(Beginning of PROVIDED RECORDS)
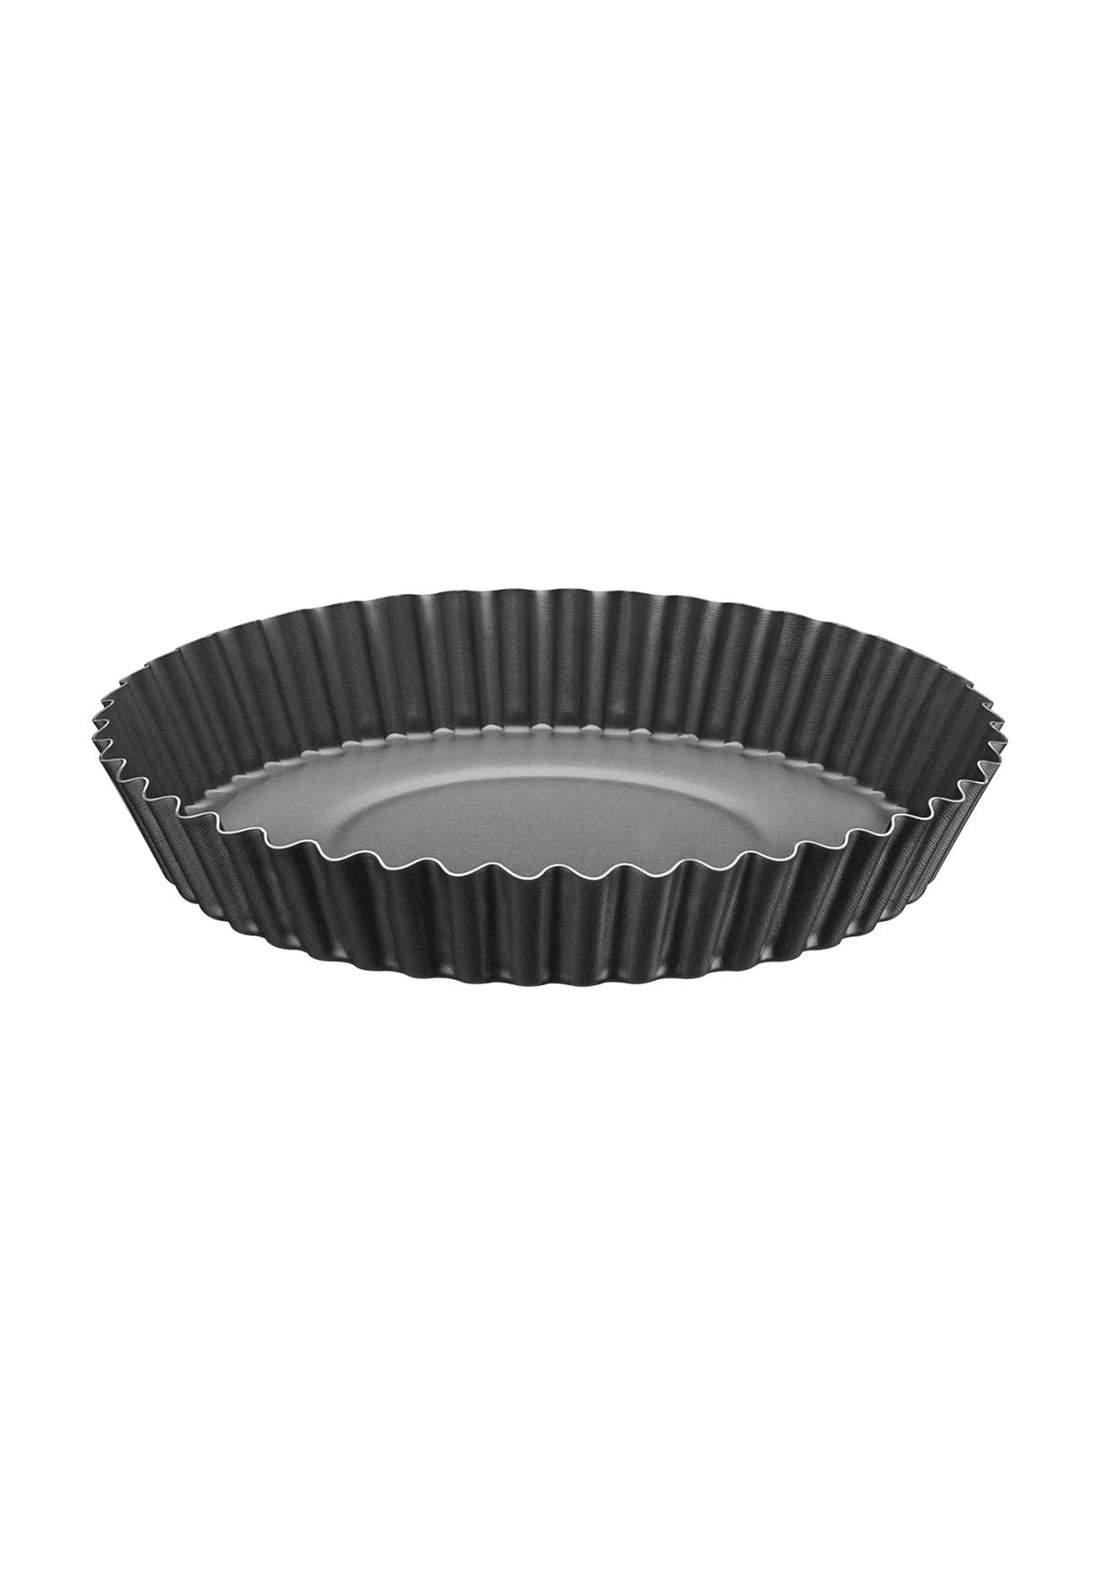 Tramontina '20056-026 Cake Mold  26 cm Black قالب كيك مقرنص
(End of PROVIDED RECORDS)
(Beginning of PROVIDED RECORDS)
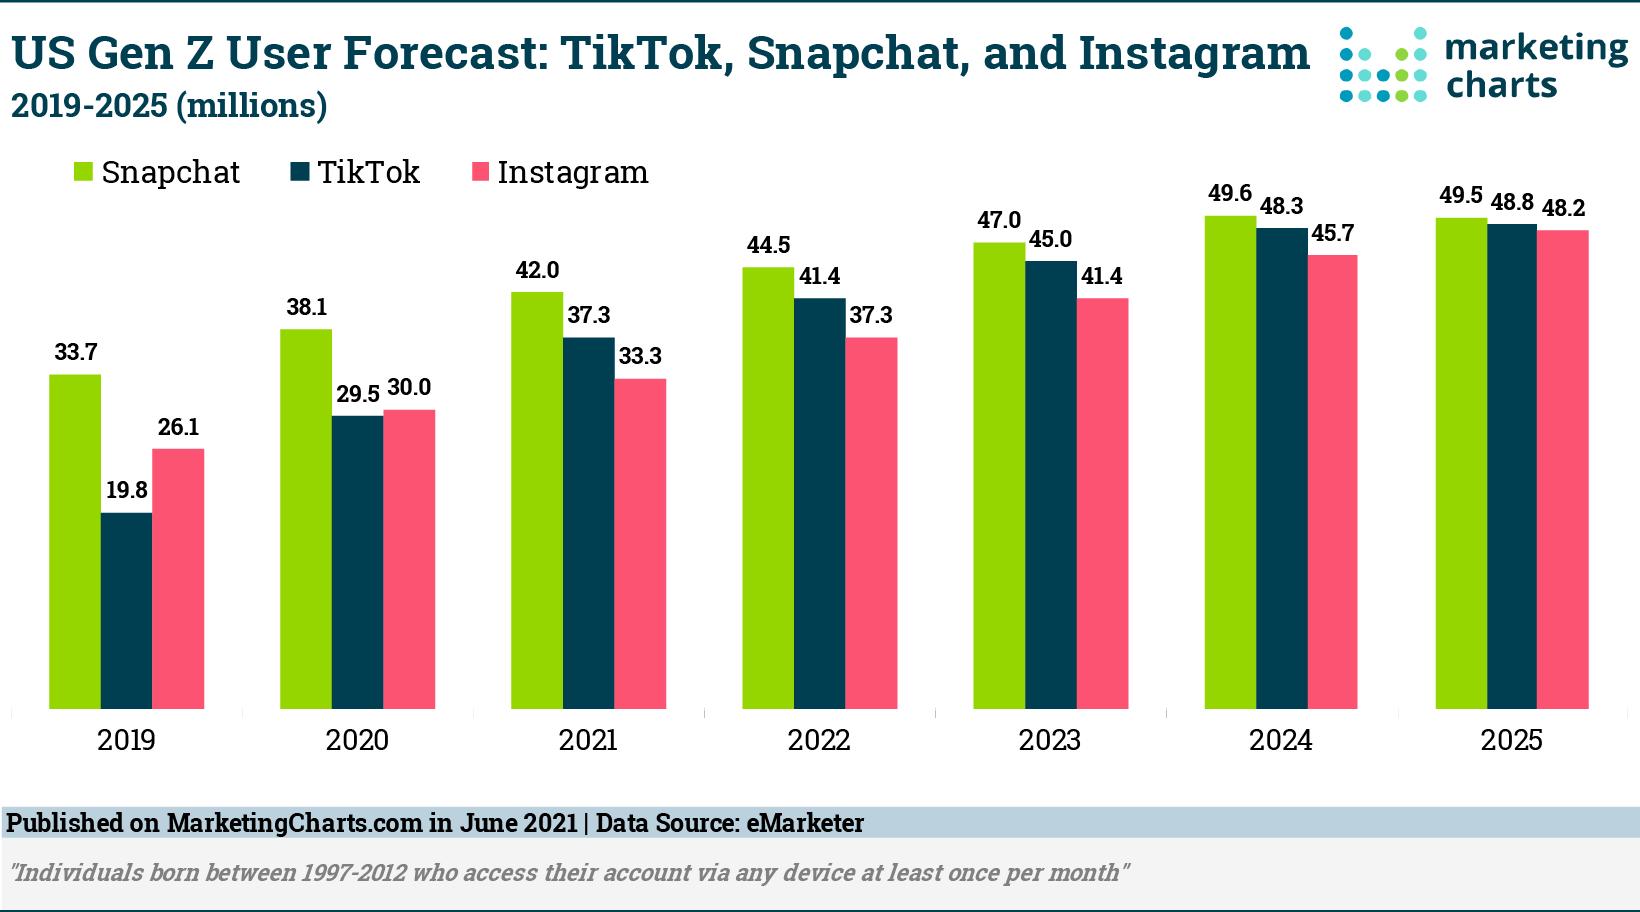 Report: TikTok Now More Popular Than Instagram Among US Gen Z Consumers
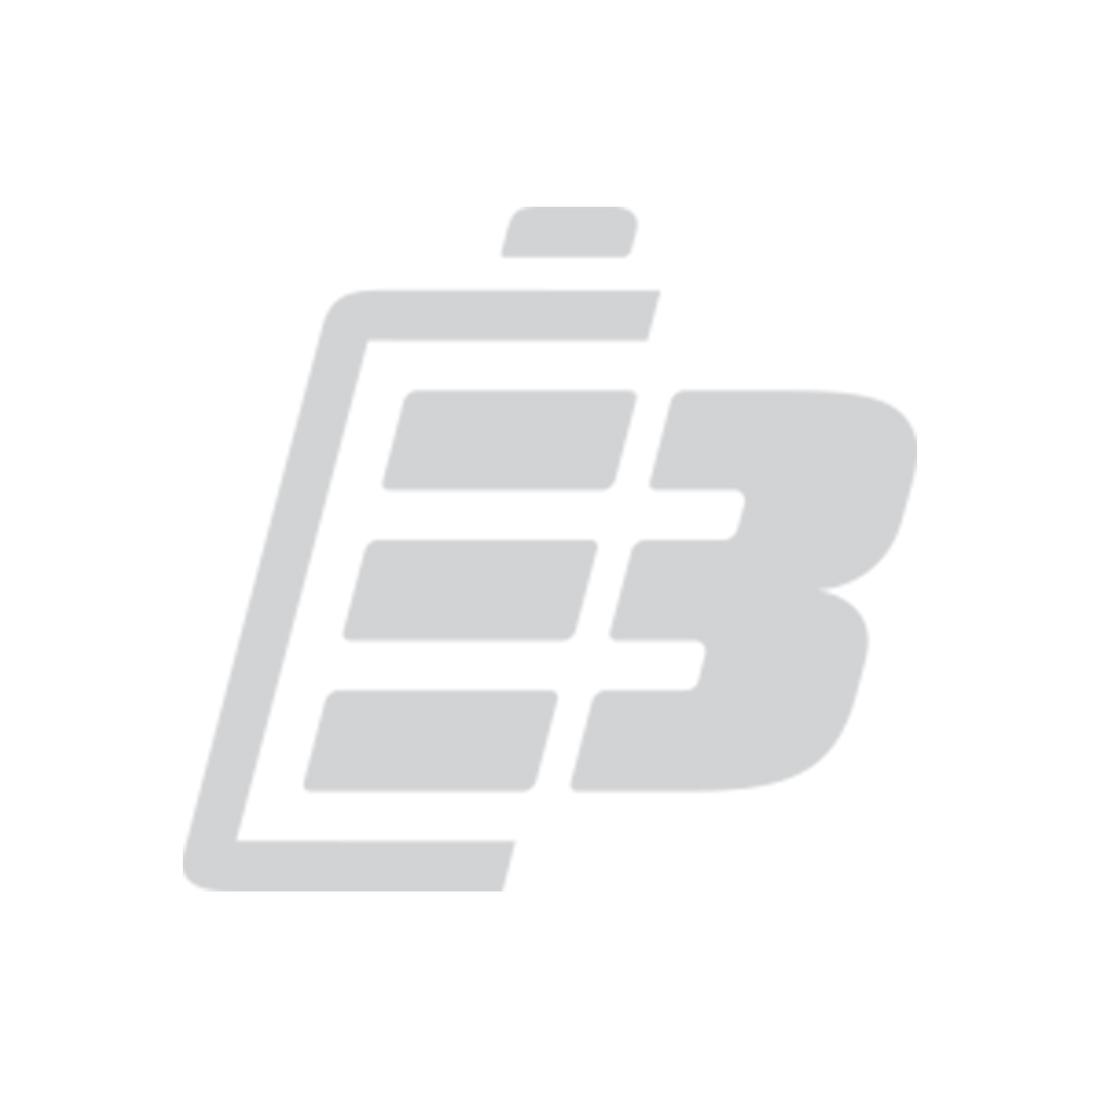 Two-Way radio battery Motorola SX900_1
(End of PROVIDED RECORDS)
### EXERCISE GOAL
Reproduce word for word, with pictures dropped, only the part of the material above that opens with the line containing "Report: TikTok Now" and closes with the line containing "Two-Way radio battery Motorola SX900_1".

### TASK SOLUTION
 Report: TikTok Now More Popular Than Instagram Among US Gen Z Consumers
 Two-Way radio battery Motorola SX900_1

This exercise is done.